_About this exercise_. Go through the data below and copy it exactly, skipping every picture.

*** Opening of Given information ***

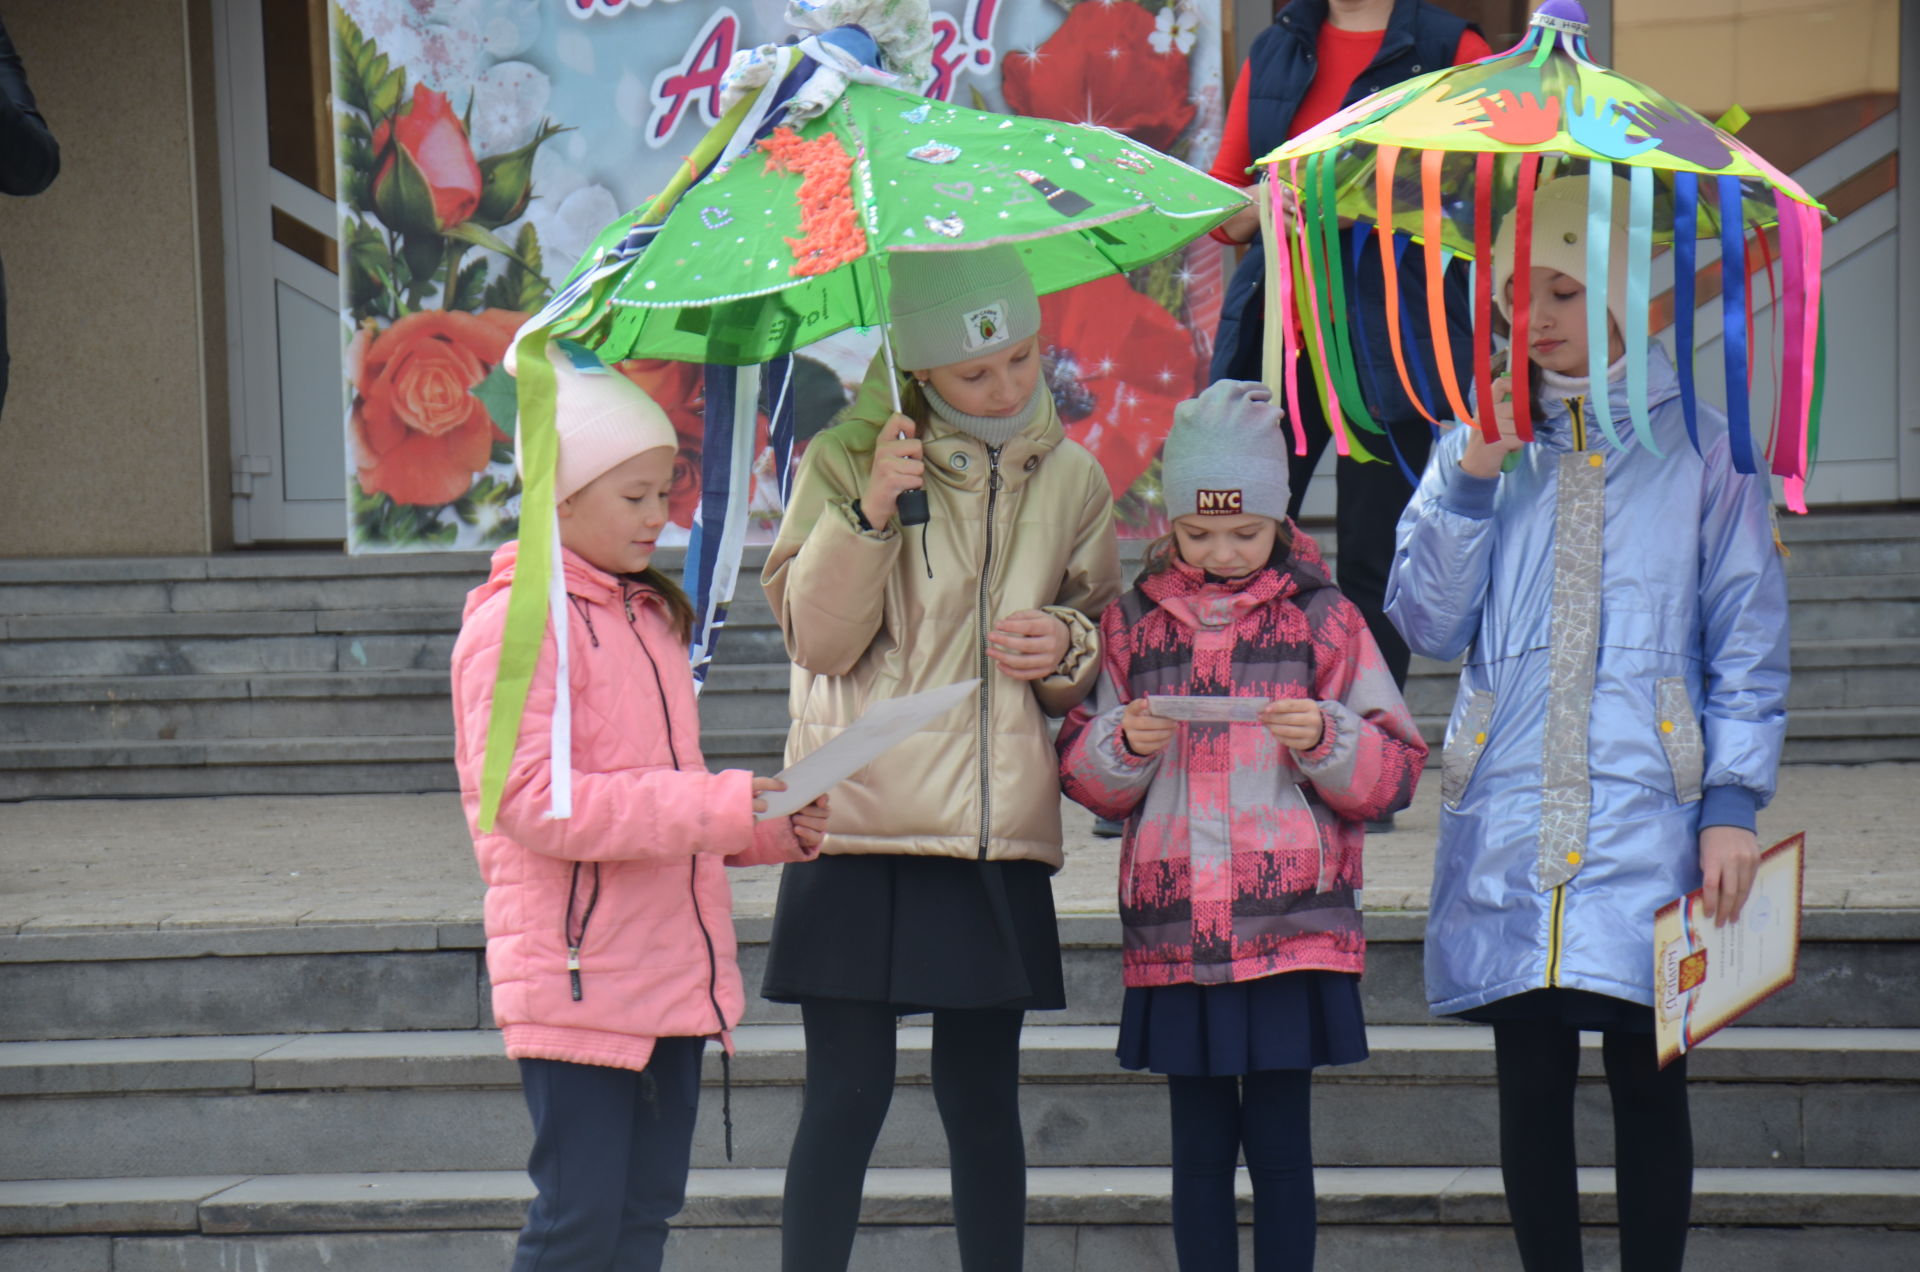 "Зонтиклар парады" - 2021
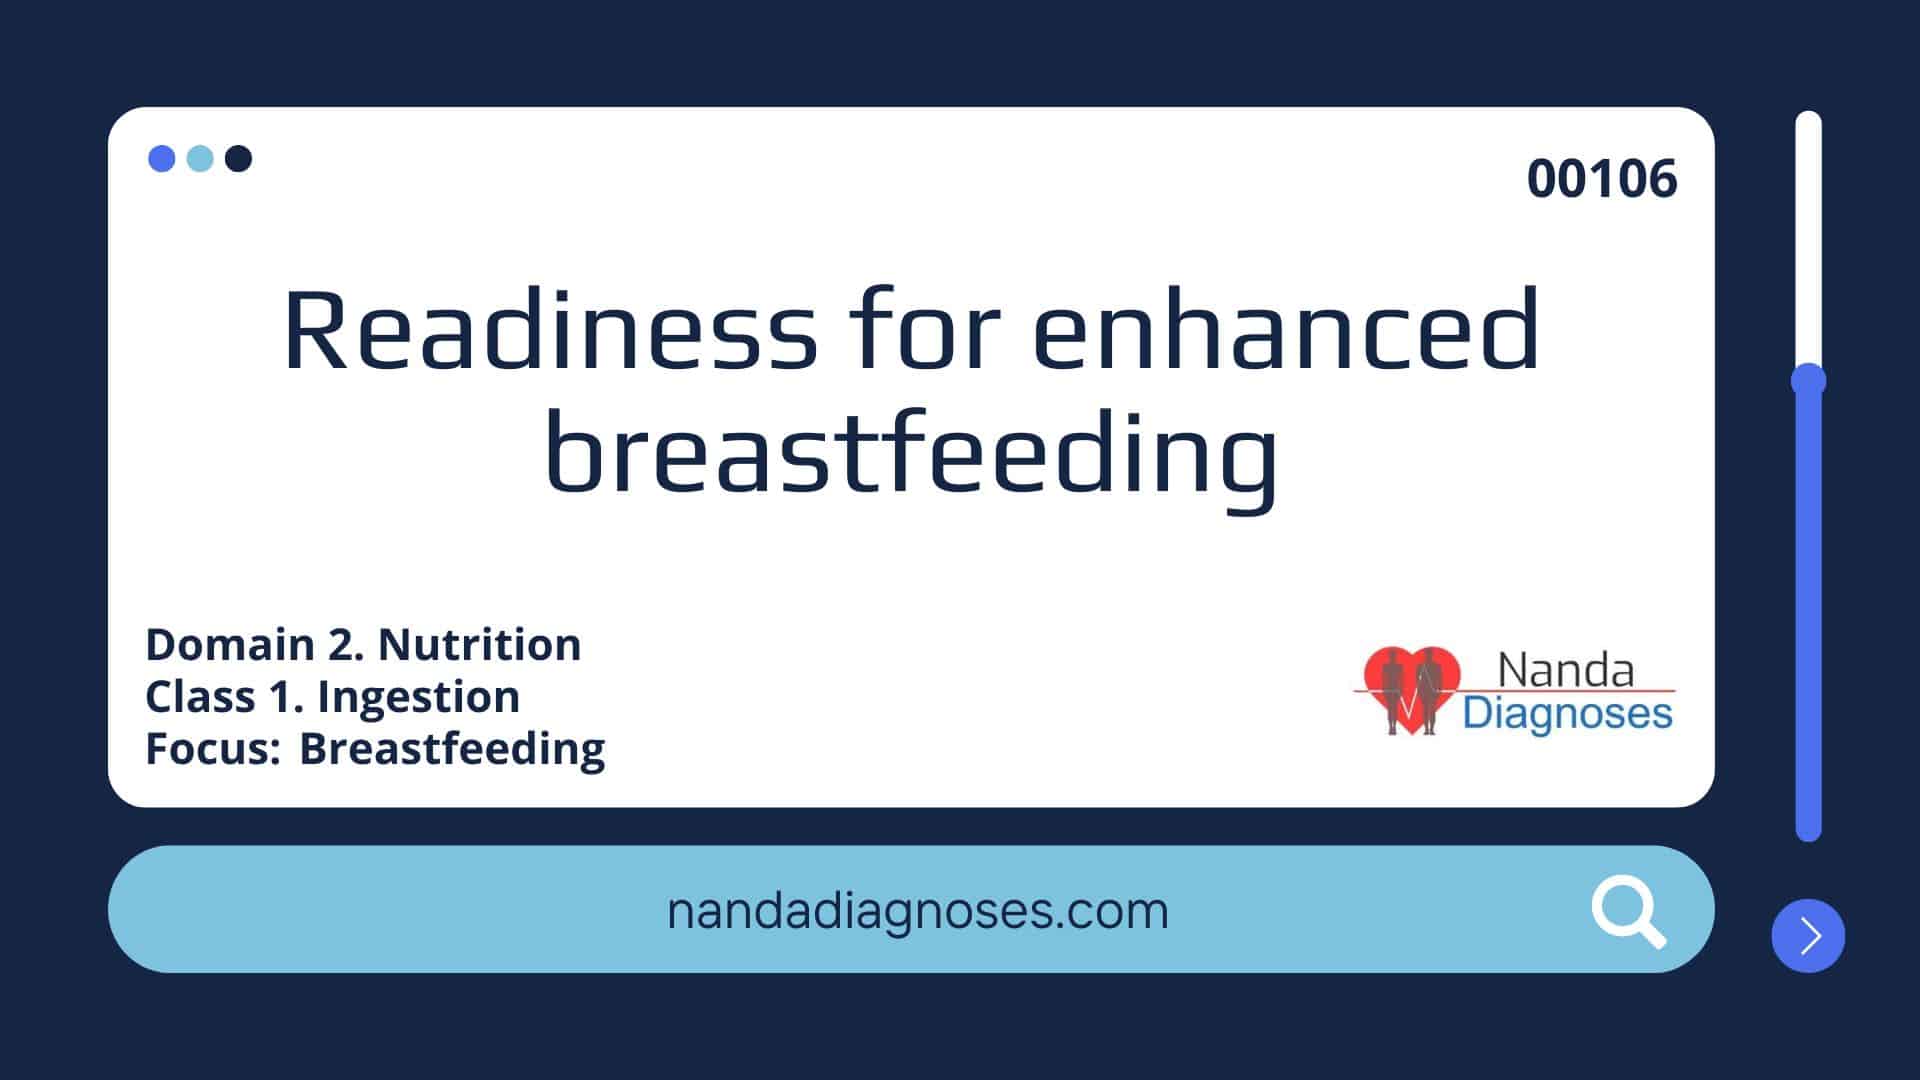 Readiness for enhanced breastfeeding
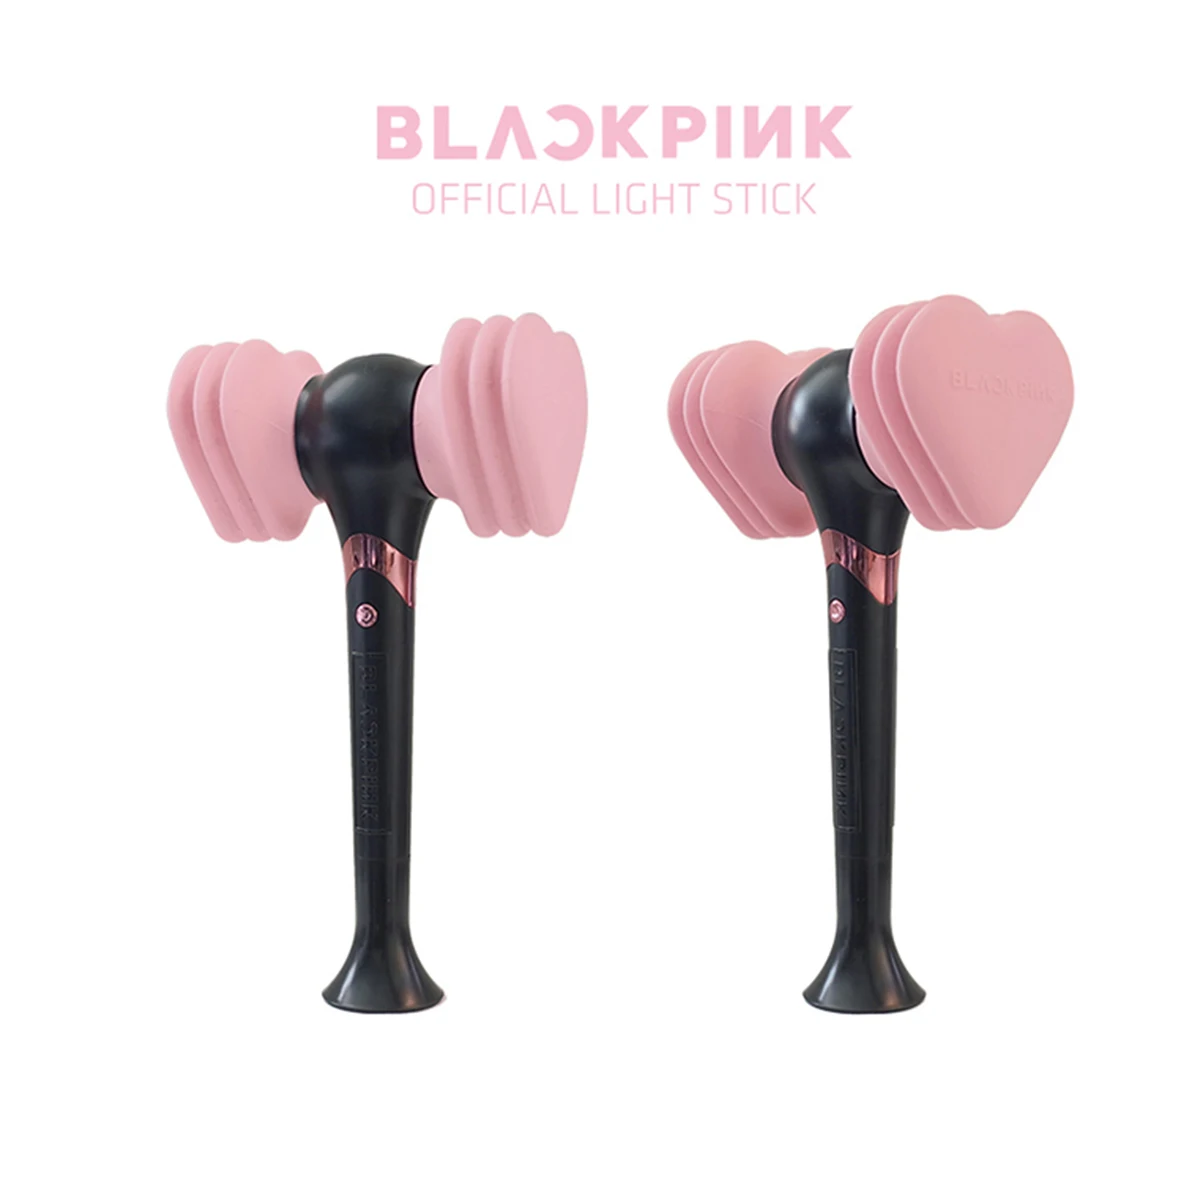 Official Black Pink Lightstick Concert Light Glowing Hammer Glow Stick  Jisoo Lisa Jennie Pink Fan Gift Shiny Led Novelty Toy - Night Lights -  AliExpress
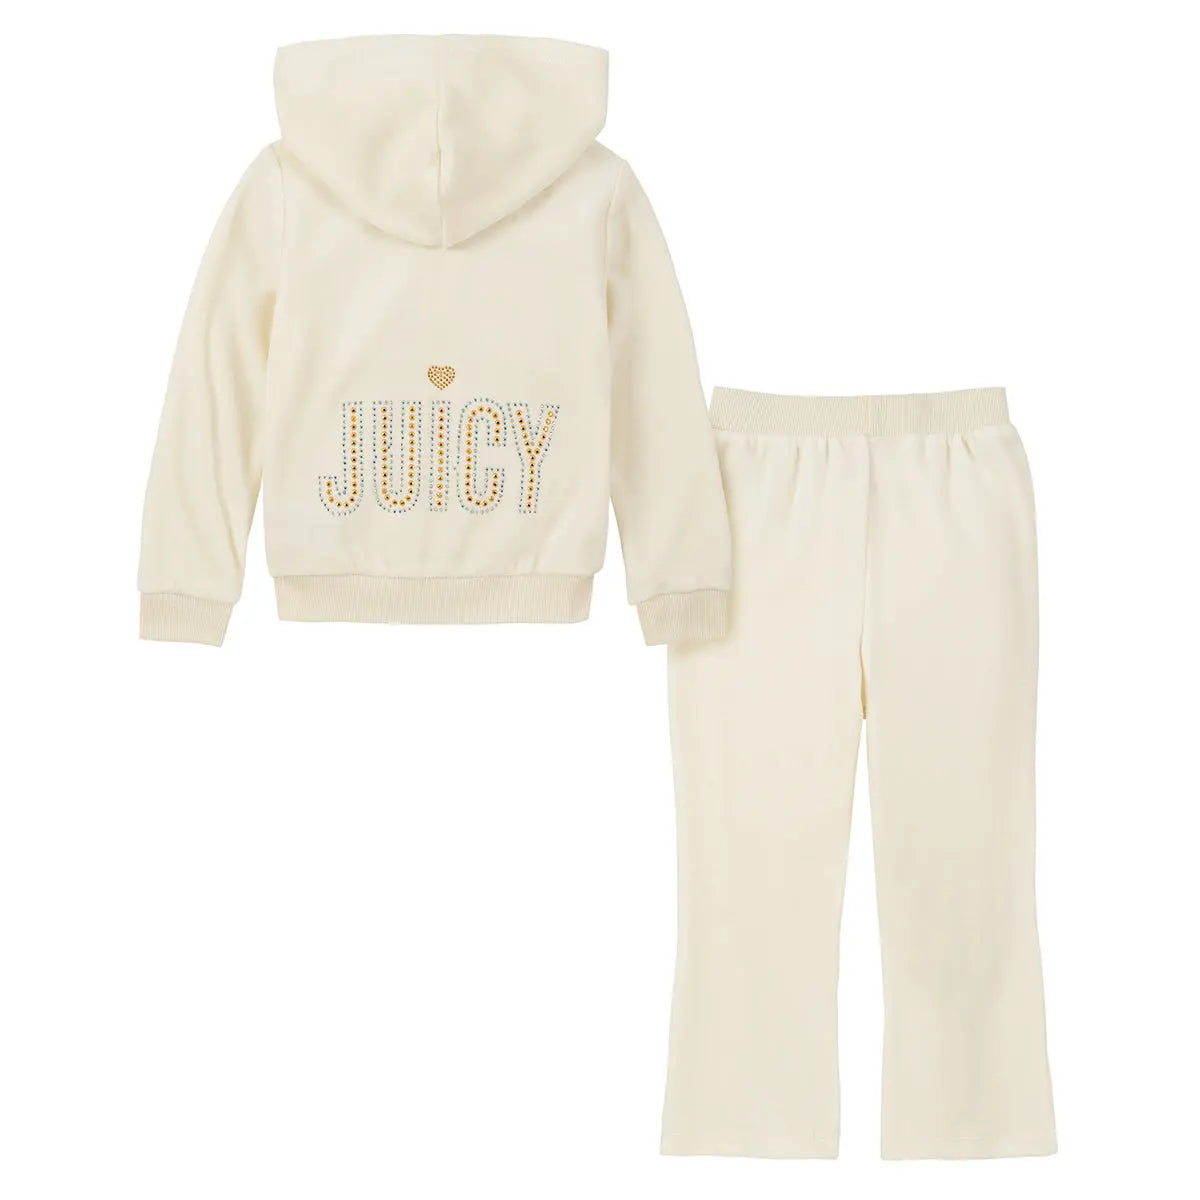 Juicy Couture Girls Velour Sweatsuit Set – PROOZY

*** Close of Given information ***

_Response_.
 "Зонтиклар парады" - 2021
 Readiness for enhanced breastfeeding
 Official Black Pink Lightstick Concert Light Glowing Hammer Glow Stick  Jisoo Lisa Jennie Pink Fan Gift Shiny Led Novelty Toy - Night Lights -  AliExpress
 Juicy Couture Girls Velour Sweatsuit Set – PROOZY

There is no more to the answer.